Health literacy can help to mitigate the effects of these crises on health on different levels: health literacy guides and empowers individuals to increase their chances for health. Data on population health literacy and on health literate organizations, as well as evidence for effective interventions to improve HL support decision makers to develop national interventions on improving health literacy in populations and organizations - including healthcare systems. For more details see the Factsheet M-POHL.

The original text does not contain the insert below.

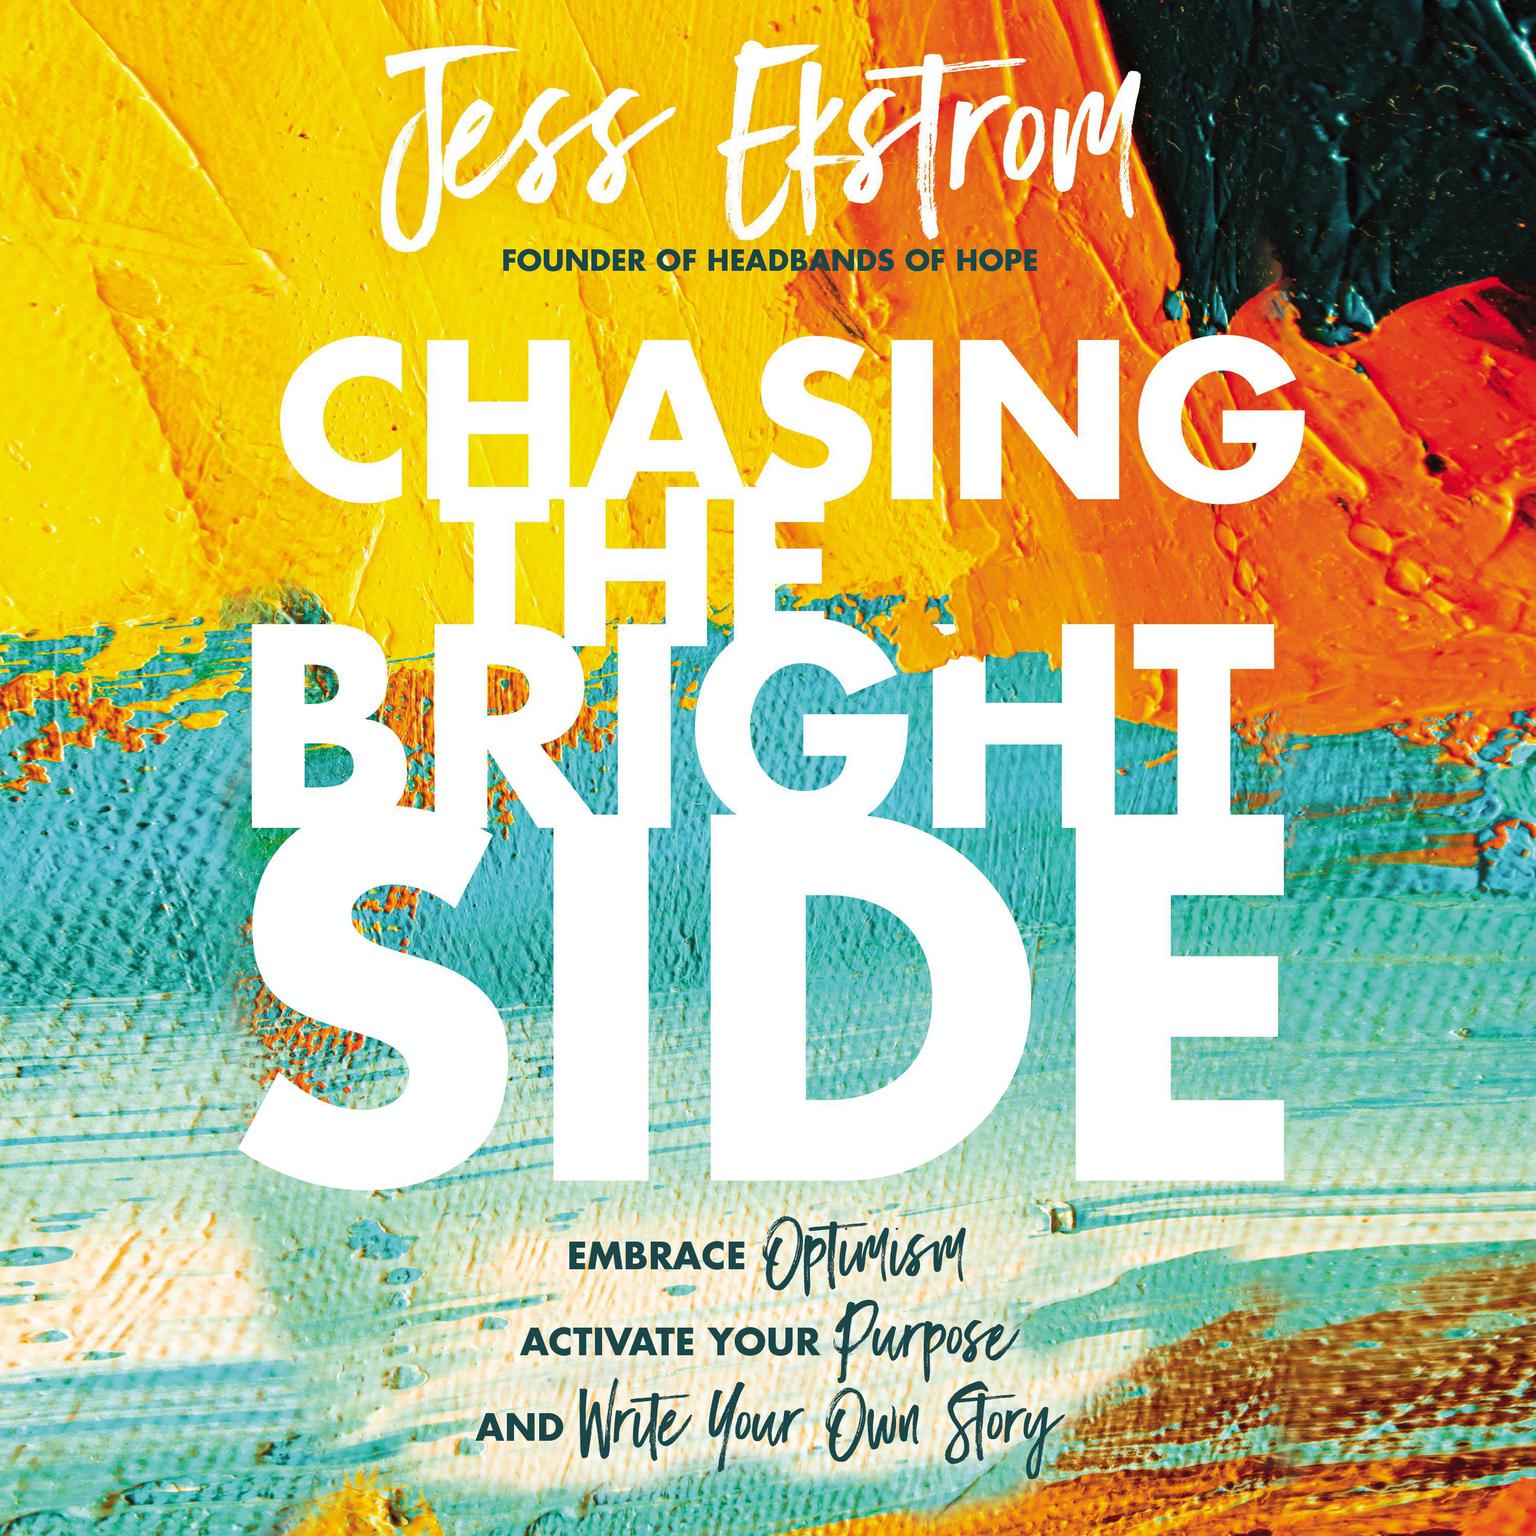 Chasing the Bright Side: Embrace Optimism, Activate Your Purpose, and Write Your Own Story Audiobook, by Jess Ekstrom

Workplan of M-POHL 2023-2027
M-POHL suggests three projects for the timeframe 2023 – 2027 to ensure that its aims are met:
- Project 1: Measuring Population Health Literacy by HLS24/25, see Factsheet HLS24/25 for details
- Project 2: Measuring Organizational Health Literacy, see Factsheet OHL for details
- Porjekt 3: Collecting, mapping, and evaluating evidence on effective interventions to deal with low health literacy and improve health literacy, see Factsheet Evidence for details
A short history of M-POHL
Following the HLS-EU project, the European Region’s publication Health Literacy: The solid facts summarized recommendations for improving health literacy across sectors and policy areas and called for regular comparative health literacy surveys in Europe in as many countries as possible. Inspired by a letter from HLS-EU scientists to the ministers of health of Austria, Germany and Switzerland in 2016, the ministers of these countries, together with their colleagues from Luxemburg and Liechtenstein (Quintet countries), jointly committed themselves to support the establishment of regular health literacy surveys in Europe. They implemented a working group to further explore the best way forward and came up with the idea of an action network under the umbrella of the WHO European Region, which received strong support from its European Health Information Initiative. The inaugural meeting of the resulting M-POHL network took place in Vienna, Austria, in February 2018, followed by a second network meeting in Berne, Switzerland, in August 2018. The 68th meeting of the WHO Regional Committee for Europe, that took place in September 2018 in Rome, Italy, hosted a technical briefing on health literacy measurement in the region. Throughout the meeting, member states repeatedly stated the need for health literacy measurements, such as the inclusion of health literacy as a progress indicator for Health 2020, and reinforced the importance of health literacy in almost all sessions of the Regional Committee.